2.1 Enhanced Performance and Efficiency

Containers are lightweight and have minimal overhead, enabling faster deployment and startup times than traditional virtual machines. Additionally, the shared kernel architecture reduces resource consumption, allowing for higher density and better utilization of hardware resources.

2.2 Improved Scalability and Portability

Containers are highly scalable, allowing applications to be easily replicated and deployed across various environments. With container orchestration platforms like Kubernetes, organizations can effortlessly manage and scale their containerized applications, ensuring seamless operations even during periods of high demand.

2.3 Isolation and Security

Containers provide isolation between applications and the host operating system, enhancing security and reducing the risk of malicious attacks. Each container operates within its own isolated environment, preventing interference from other containers and mitigating potential vulnerabilities.
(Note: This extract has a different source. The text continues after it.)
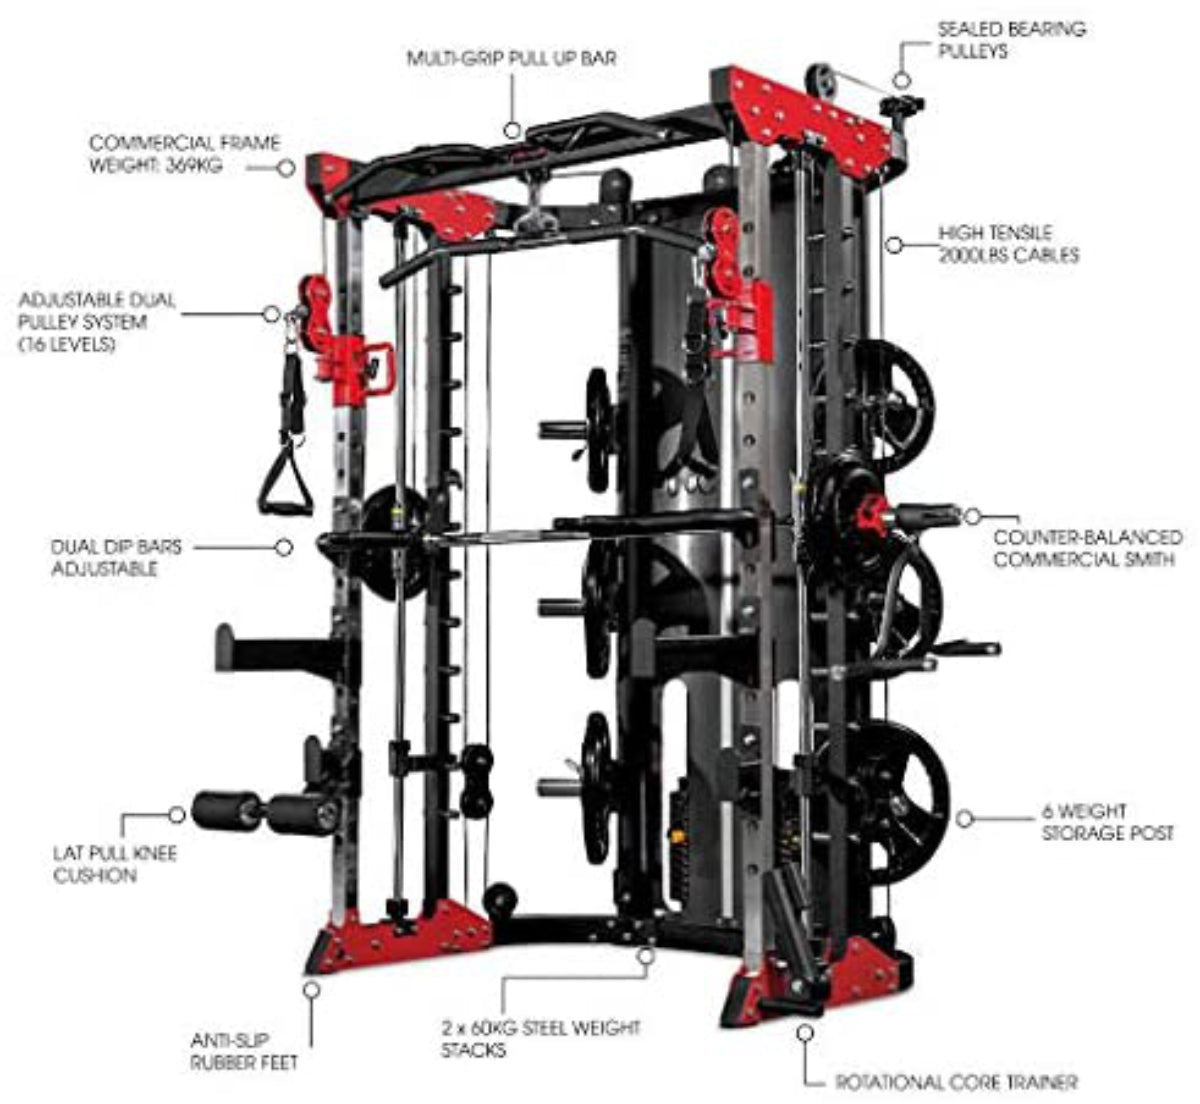 Break down of red smith machine showing main features

Section 3: Real-World Applications

3.1 Microservices Architecture

Container-based virtualization aligns perfectly with the microservices architectural pattern. By breaking down applications into more minor, decoupled services, organizations can leverage the agility and scalability containers offer. Each microservice can be encapsulated within its container, enabling independent development, deployment, and scaling.

3.2 DevOps and Continuous Integration/Continuous Deployment (CI/CD)

Containerization has become a cornerstone of modern DevOps practices. By packaging applications and their dependencies into containers, development teams can ensure consistent and reproducible environments across the entire software development lifecycle. This facilitates seamless integration, testing, and deployment processes, leading to faster time-to-market and improved collaboration between development and operations teams.

Conclusion:

Container-based virtualization has revolutionized how we build, deploy, and manage applications. Its lightweight nature, scalability, and efficient resource utilization make it an ideal choice for modern software development and deployment. As organizations continue to embrace digital transformation, containerization will undoubtedly play a crucial role in shaping the future of technology.